Adjetivadas, extensas, solenes, até grotescas, suas manchetes de capa marcharam contra o reformismo de Jango. Até o 31 de março de 1964, quando, meia volta-volver, marchariam durante 21 anos a favor da ditadura. Cinquenta delas, todas de 1962, estão abaixo:
………………………………………………………………………………………………………..
1) “Comício de desagravo da UNE degenerou em insultos e pregação subversiva” (10/01/1962)
2)“O governador acusa a UNE de ser órgão subversivo e condena o terrorismo” (10/01/1962)
3) “Cem milhões de prejuízo por dia com a greve da Petrobrás” (10/01/1962)
4) “Libelo da Comissão Interamericana de Paz contra o regime cubano” (18/01/1962)
5) “O governador gaúcho incita à rebelião! (25/01/1962)
6) “O regime de Cuba é incompatível com o sistema americano” (25/01/1962)

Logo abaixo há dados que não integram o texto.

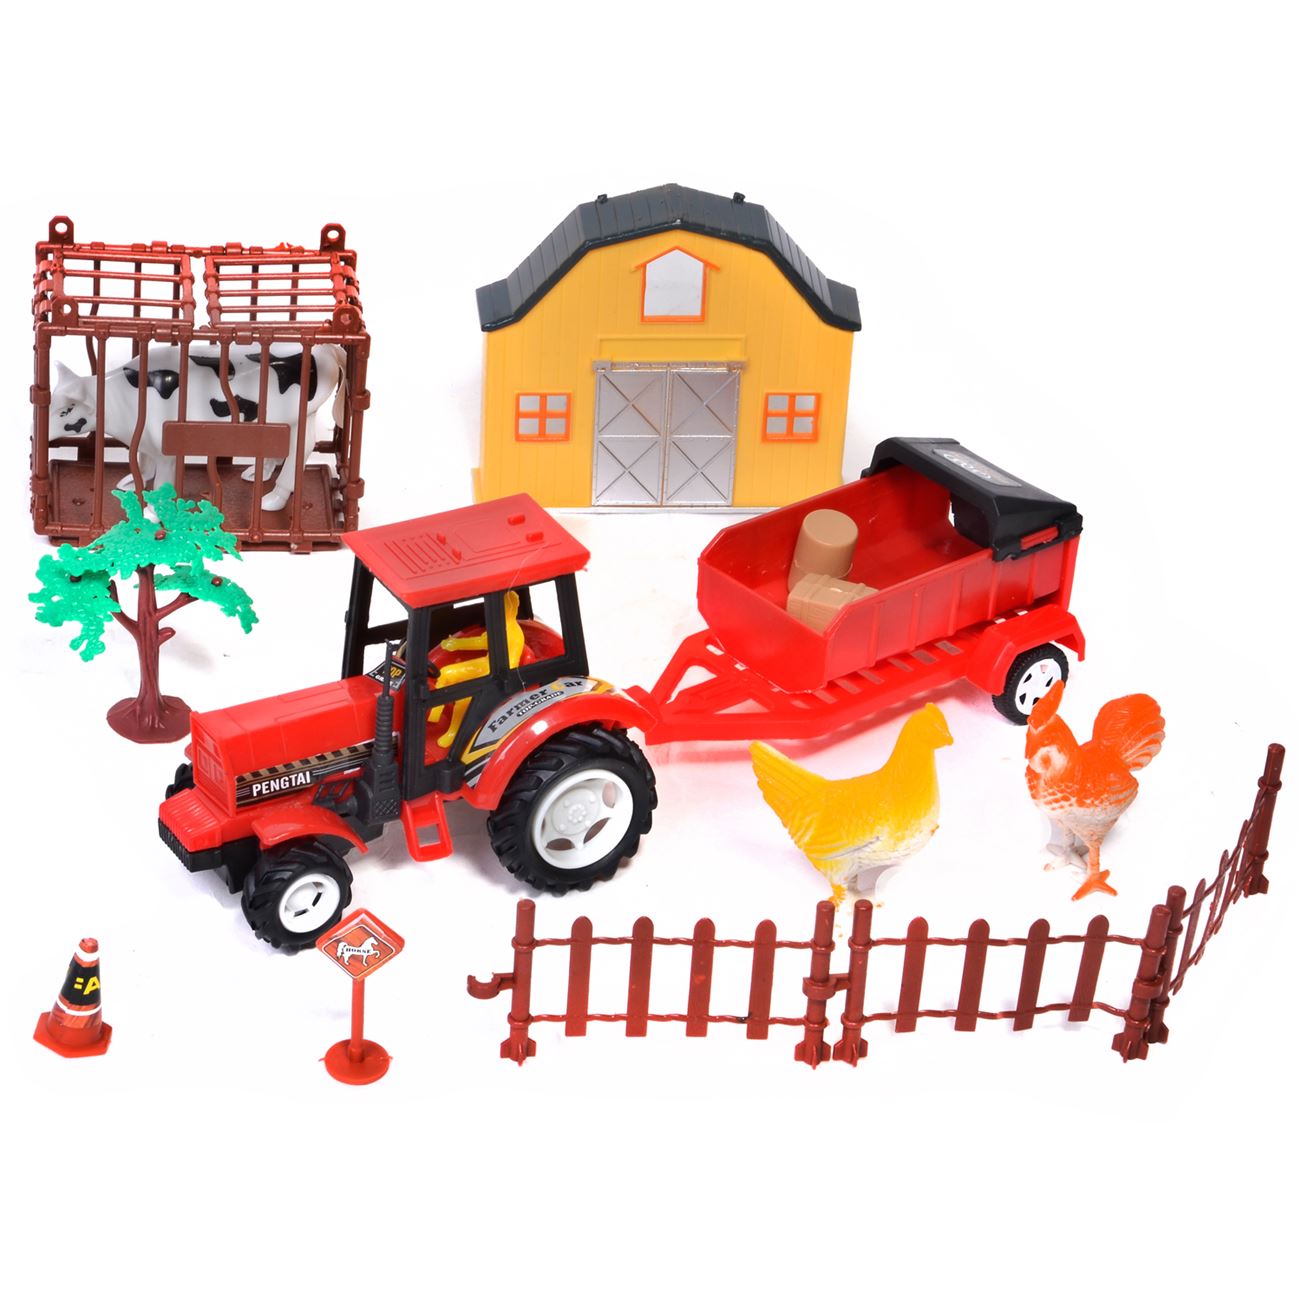 Farm szett állatokkal, traktorral

7) “Senador gaúcho acusa Brizola de estimular a invasão de propriedades” (30/01/1962)
8) “Líderes ferroviários articulam movimento subversivo para fazer do Brasil uma nova Cuba” (30/01/1962)
9) “Preocupa nossa embaixada nos EUA a expropriação da Telefonica” (03/03/1962)

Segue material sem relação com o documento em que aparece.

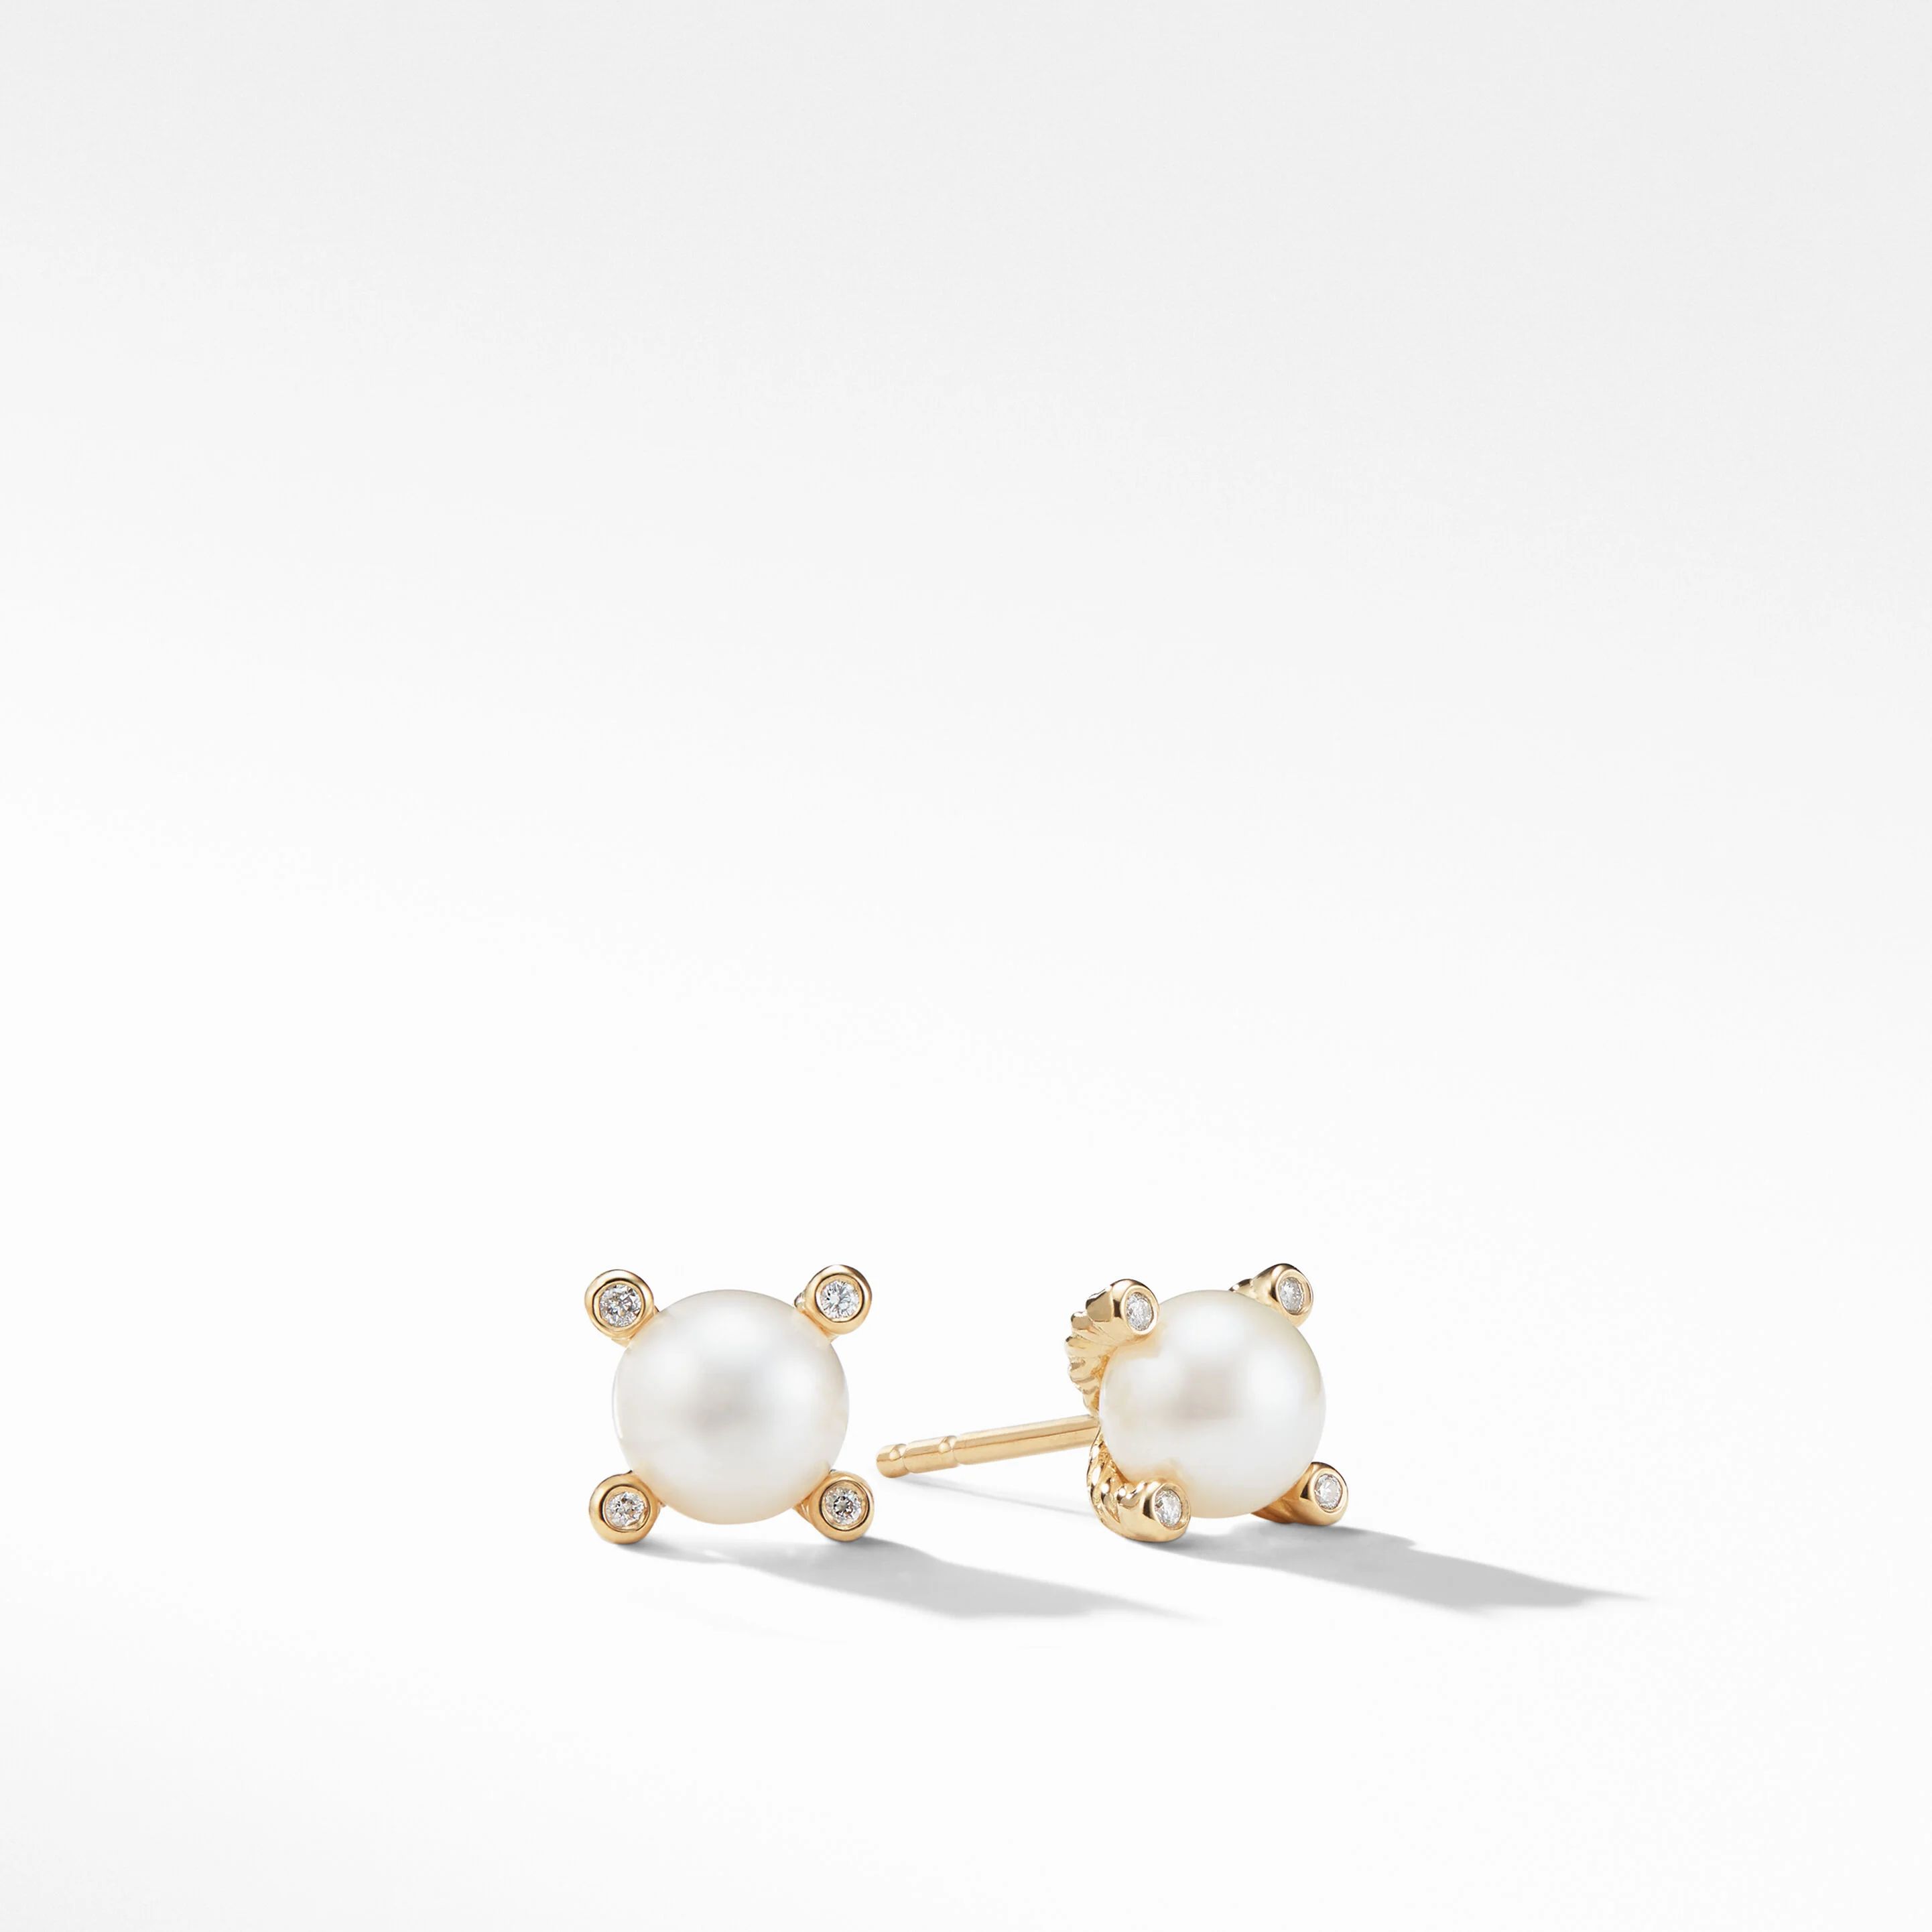 Cable Pearl Stud Earrings in 18K Yellow Gold with Diamonds | David Yurman

10) “Errou o Brasil ao defender condição especial para Cuba” (10/03/1962)
11) “Vai ser apurada a denúncia do cardeal sobre dominação comunista no meio marítimo” (07/05/1962)
12) “A familia é o primeiro baluarte que se opõe aos totalitarismos” (30/05/1962)
13) “Exército, Marinha e Aeronáutica revelarão o perigo que pesa sobre a nação” (01/06/1962)
14) “Inquieta os arcebispos a ação subversiva da UNE, revela o cardeal Dom Jaime” (02/06/1962)
15) “Os comunistas adotam um sistema definido para a tomada do poder: dividir e usurpar” (03/06/1962)
16) “O ministro da Aeronáutica revela: há sintomas da ação comunista no país” (04/06/1962)
17) “Dom Jaime é o líder espiritual no combate contra o comunismo” (07/06/1962)
18) “Considerado desastroso para o país um 13º mês de salário” (26/04/1962)
19) “Agora, o sr. San Tiago Dantas preconiza o reconhecimento do Partido Comunista” (08/06/1962)
20) “Repulsa geral ao pronunciamento do chanceler San Tiago Dantas” (09/06/1962)
21) “Infiltração comunista através da doação de livros às escolas” (15/06/1962)
22)“Cálculos de votos apontam a derrota de San Tiago Dantas (26/06/1962)
23) “Padre Vidigal: a salvação está rejeição do nome de San Tiago” (26/06/1962)
24) “As bancadas ratificam a rejeição a San Tiago” (27/06/1962)
25) “San Tiago rejeitado pela Câmara dos Deputado como primeiro-ministro” (28/06/1962)
26) “Todos os países comunistas, inclusive a Rússia, devem dinheiro ao Brasil” (12/07/1962)
27) “Ação desagregadora dos comunistas no congresso da UNE em Quitandinha” (23/07/1962)
28) “O comunismo é o grande mal que nos ameaça, advertem os cardeais do Rio e da Bahia” (28/07/1962)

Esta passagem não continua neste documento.